2.Avoid red meats from sedentary farm animals (high saturated fats, high omega 6.) Choose organic, free range, grass or flaxseed fed meats which have better omega 3 ratios and less saturated fat. Low fat cuts of game meats like venison are good too. Trim all excess fat before cooking.

3.Eat whole grain breads, brown rice and whole grain pastas while avoiding simple carbohydrates, starches and refined sugars. Limit white potatoes, french fries, white breads, white tortillas, white rolls, enriched pastas, white rice, refined corn products, and anything that has enriched wheat, starch or dextrose as a main ingredient.

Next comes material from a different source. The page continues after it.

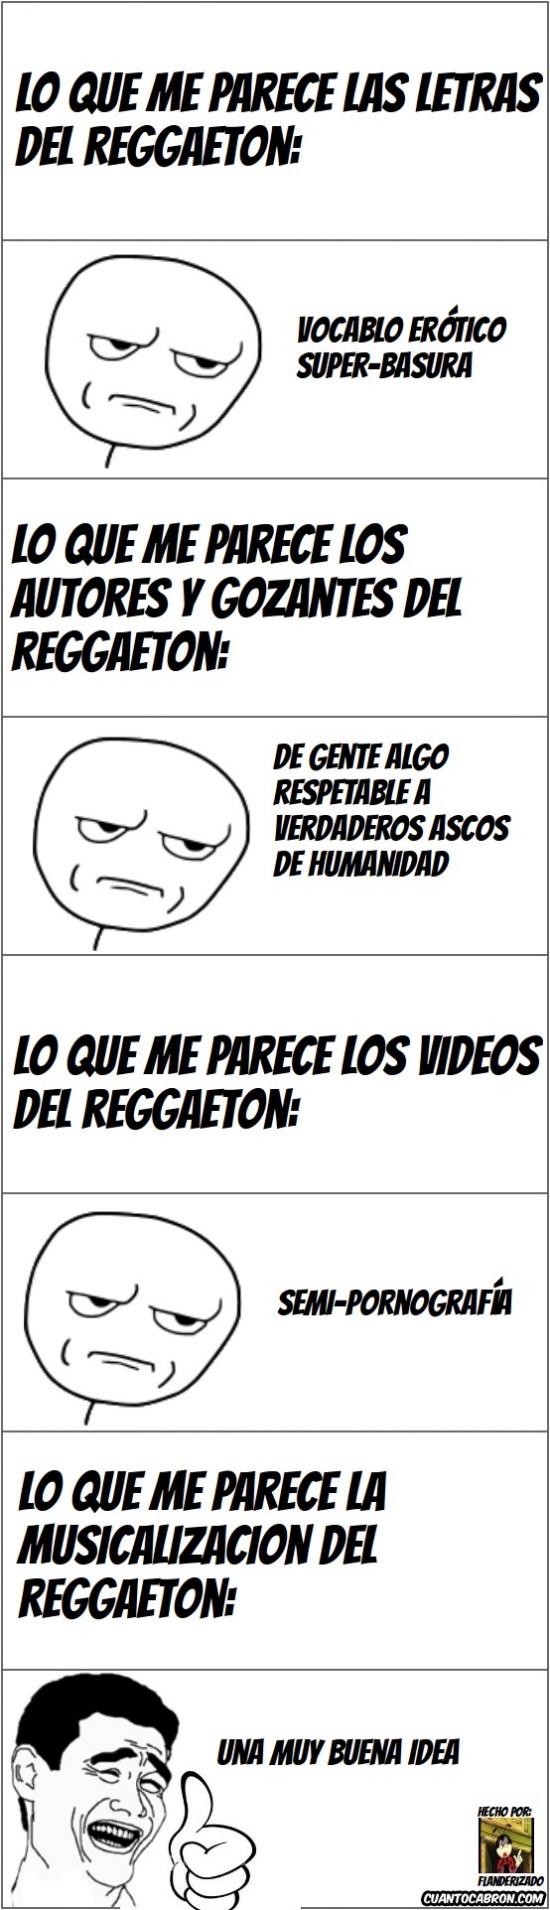 Kidding_me - Mi critica al reggaeton en 4 aspectos

4.Avoid foods and oils high in saturated fat (more than 10% of total fat.) Avoid foods with hydrogenated or partially hydrogenated oil listed in the ingredients, even if label states 0 grams “trans” fat. Use organic macadamia nut oil or canola oil for cooking or frying. Canola is low in saturated and omega 6 fats, and high in omega 3. Olive oil is higher in omega 6 and low in omega 3. Do not overheat oils, especially olive oil. If you see smoke, its too late. Buy cold pressed oils in small quantities (extra virgin olive oil) and replace every few months. Flaxseed oil cannot be heated and must be refrigerated. These types of oils are more expensive to produce. Better oil is expensive, so consider using smaller amounts when cooking or frying to help offset the cost.

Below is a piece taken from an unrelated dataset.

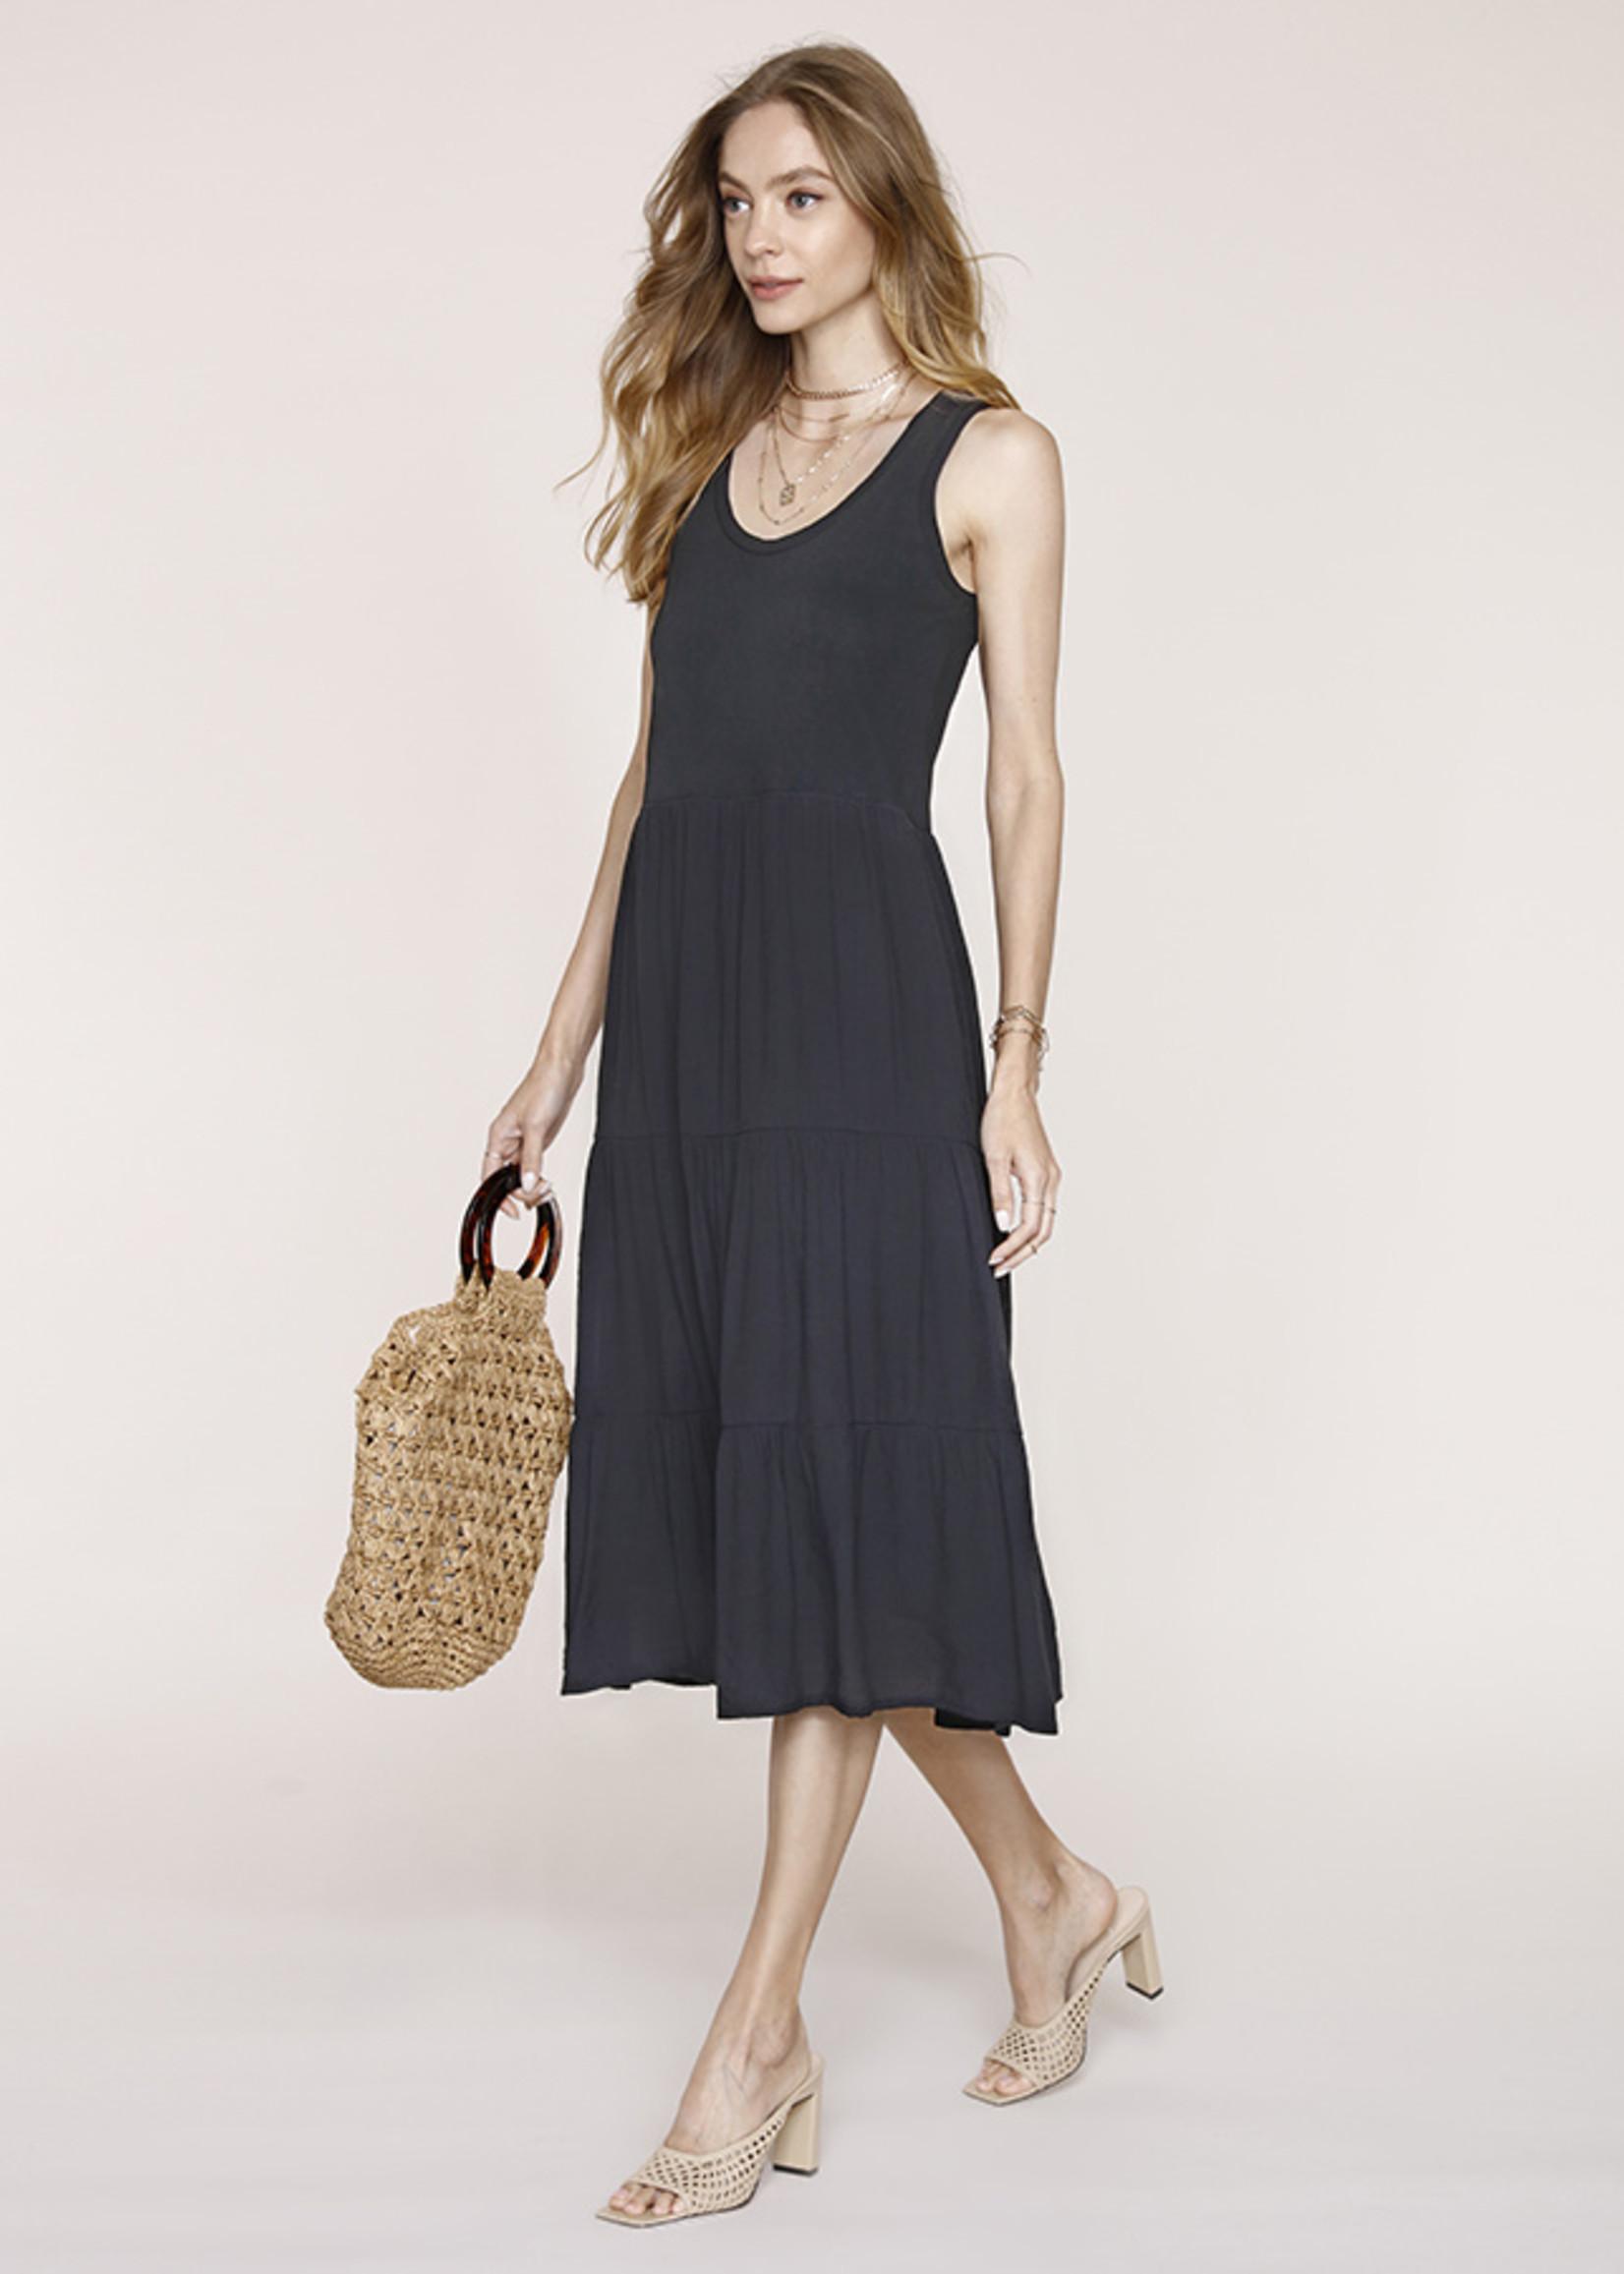 Elitaire Boutique Pryce Dress in Black

5.Add ground flaxseeds, 1-2 tbs to whole grain cereal or oatmeal for breakfast using fat free skim milk. If too bitter, use a ½ tbs of cold pressed flaxseed oil instead.

6.Avoid regular egg yolks. Instead choose free range, flaxseed fed chicken eggs.

7.Limit foods or spreads with large amounts of saturated and omega 6 fats; (corn, safflower, soybean or other vegetable oils.)

8.Avoid foods with MSG (monosodium glutamate) and other preservatives “taste enhancers” (glutamic acid, amino acid derivatives.)

9.Use EPA/DHA omega 3 nutritional supplements low in omega 6.